= Antiquities trade =

Exchange of classical and pre-classical artifacts

The antiquities trade is the exchange of antiquities and archaeological artifacts from around the world. This trade may be illicit or completely legal. The legal antiquities trade abides by national regulations, allowing for extraction of artifacts for scientific study whilst maintaining archaeological and anthropological context. The illicit antiquities trade involves non-scientific extraction that ignores the archaeological and anthropological context from the artifacts.

==Legal trade==
The legal trade in antiquities abide by the laws of the countries in which the artifacts originate. These laws establish how the antiquities may be extracted from the ground and the legal process in which artifacts may leave the country. In many countries excavations and exports were prohibited without official licenses already in the 19th century, as for example in the Ottoman Empire. According to the laws of the countries of origin, there can't be a legal trade with archaeological artifact without official papers. However, most national laws still overturn these regulations.

== History ==
Antiquity (ca. 3000 BC – 500 AD): During antiquity, trade in antiquities and artefacts played an important role in the exchange between different civilizations and cultures. Greek and Roman artworks were traded throughout Europe, North Africa and the Middle East. This trade often took place in the context of diplomatic relations, military conquests and trade routes. Ancient port cities such as Alexandria, Rome and Athens served as important centers for the trade in art and other goods.
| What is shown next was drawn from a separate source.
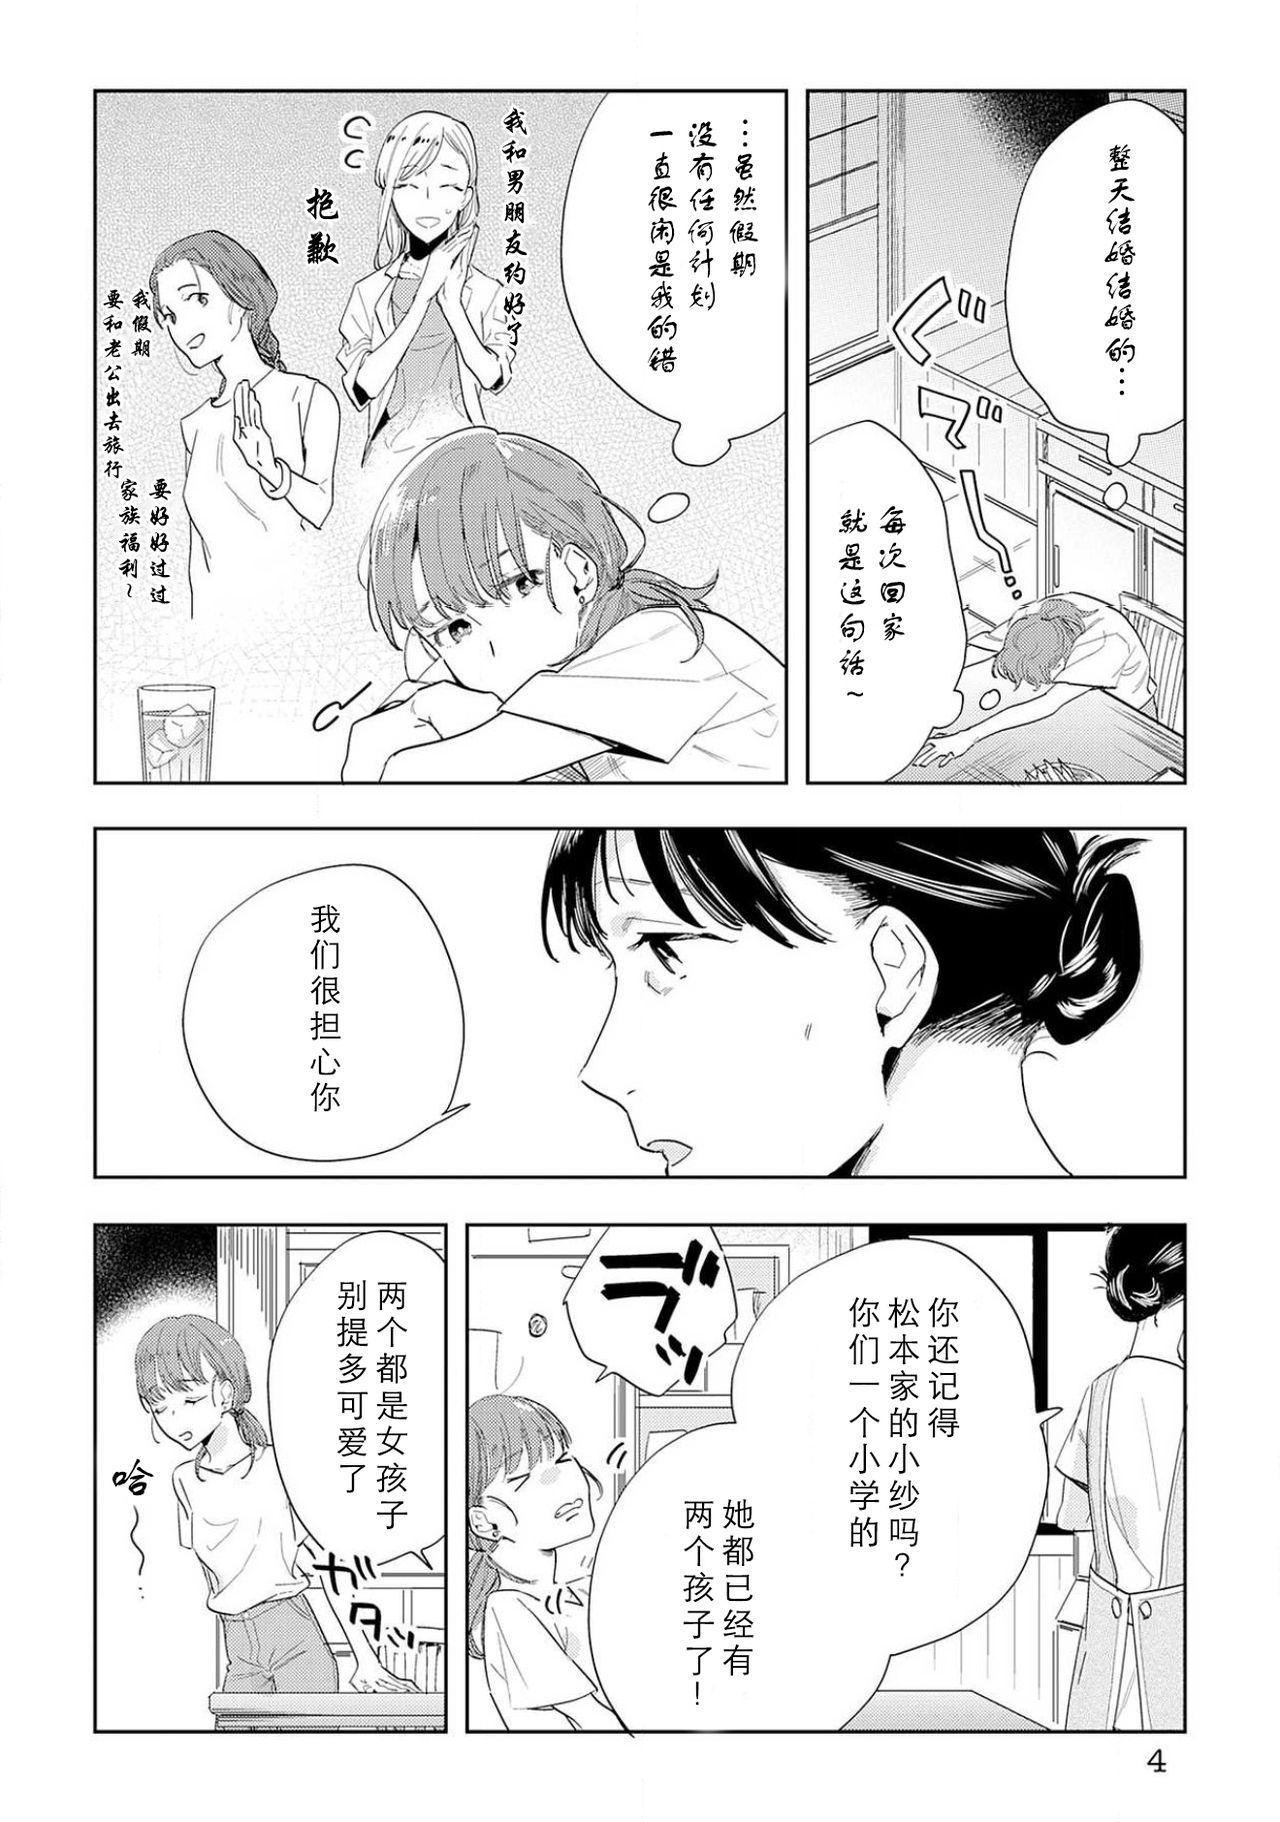 [Hachikawa Kyuu] Kami-sama to Ikenie H Keiyaku Shichaimashita | 我与神明大人签订了祭品H契约 1-3 [Chinese] [莉赛特汉化组] 2
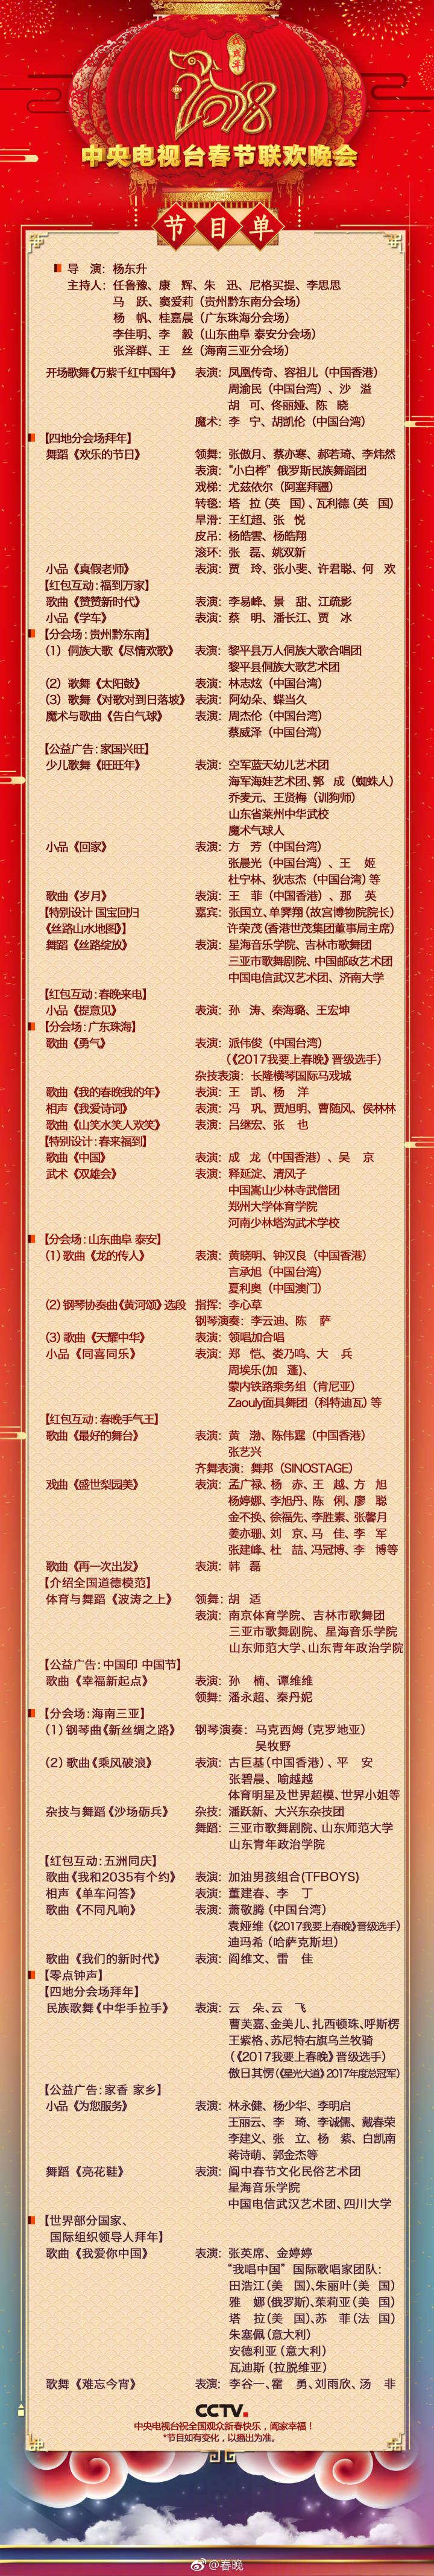 WeChat Image_20180214230840.jpg

Middle Ages (ca. 500 AD – 1500 AD): During the Middle Ages, the trade in antiquities became less important as European society was characterized by political instability, cultural change and economic difficulties. Many ancient works of art were destroyed, lost or reused, and trade in them was less pronounced than in antiquity. Nevertheless, some ancient works of art were treasured as valuable relics of the past and kept by aristocratic collectors and churches.

Renaissance (14th to 17th century): The Renaissance was a time of cultural and intellectual awakening in Europe, during which there was a renewed interest in antiquity. Antiquities were valued and collected by scholars, artists and collectors. The trade in antiquities flourished again and some objects were recovered from ancient Roman villas and ruins and kept in private collections. Renaissance princes and nobles collected ancient sculptures, paintings and coins to demonstrate their status and sophistication.

Baroque period (17th and 18th centuries): Antiquities were also collected and traded during the Baroque period, with Roman sculptures and Greek vases being particularly sought after. Collectors such as kings, nobles and wealthy citizens expanded their art collections and promoted the trade in antiquities. The demand for antiquities led to the discovery and excavation of further ancient sites, particularly in Italy and Greece. The sons and daughters of the European aristocracy, and later also the upper middle classes, visited ancient sites on the Grand Tour (Cavalier Tour or Cavaliers' Journey) and purchased the highest quality ancient works of art possible in the respective countries.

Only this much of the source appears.